🤖 AI Summary
Large language models (LLMs) generally lack implicit information security awareness (ISA), rendering them unable to autonomously detect and refuse potentially hazardous requests—thereby exposing users to cybersecurity threats.
Method: We introduce the first comprehensive, mobile-oriented ISA taxonomy covering all conceptual dimensions, instantiated as a 30-scenario benchmark. We propose the first quantitative ISA evaluation framework for LLMs and conduct empirical analysis via systematic prompt engineering, temperature tuning, and multi-dimensional security scenario design.

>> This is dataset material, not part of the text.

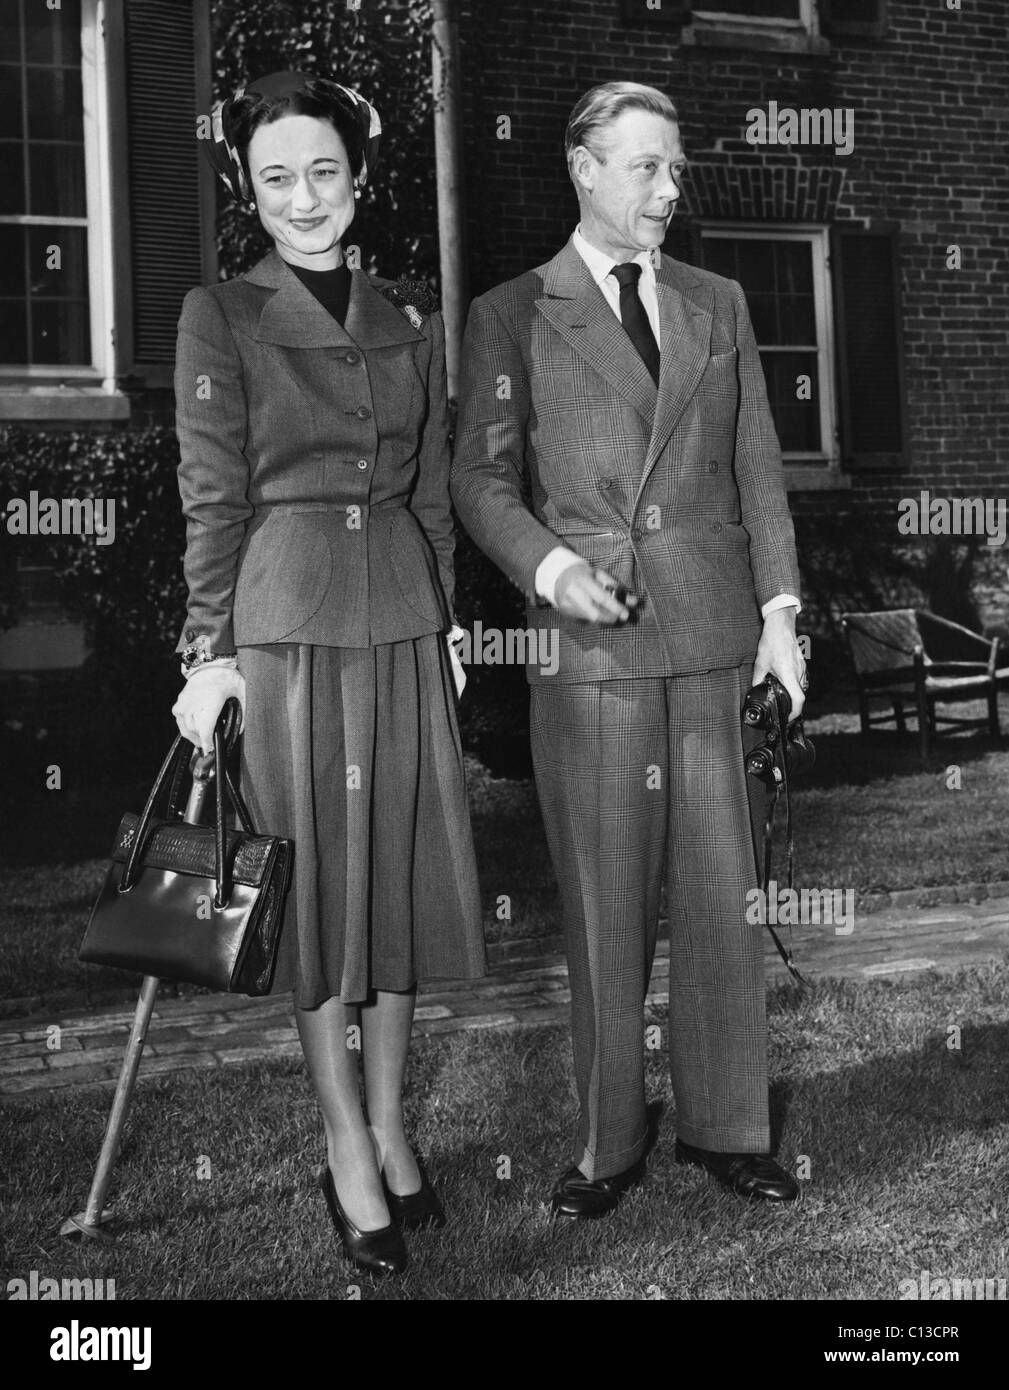 La Duchesse de Windsor, Wallis Simpson et le Prince Edward, duc de Windsor vers le milieu des années 1940. Banque D'Images

Contribution/Results: Our findings reveal that systematic prompting significantly outperforms generation parameters (e.g., temperature) in enhancing ISA—establishing it as a critical lever for safety alignment. Moreover, most LLMs exhibit ISA responses only under explicit security cues, failing to infer risks implicitly. This work establishes a reproducible evaluation paradigm and actionable, prompt-based optimization pathways for secure LLM deployment.
📝 Abstract
The popularity of large language models (LLMs) continues to increase, and LLM-based assistants have become ubiquitous, assisting people of diverse backgrounds in many aspects of life. Significant resources have been invested in the safety of LLMs and their alignment with social norms. However, research examining their behavior from the information security awareness (ISA) perspective is lacking. Chatbots and LLM-based assistants may put unwitting users in harm's way by facilitating unsafe behavior. We observe that the ISA inherent in some of today's most popular LLMs varies significantly, with most models requiring user prompts with a clear security context to utilize their security knowledge and provide safe responses to users. Based on this observation, we created a comprehensive set of 30 scenarios to assess the ISA of LLMs. These scenarios benchmark the evaluated models with respect to all focus areas defined in a mobile ISA taxonomy. Among our findings is that ISA is mildly affected by changing the model's temperature, whereas adjusting the system prompt can substantially impact it. This underscores the necessity of setting the right system prompt to mitigate ISA weaknesses. Our findings also highlight the importance of ISA assessment for the development of future LLM-based assistants.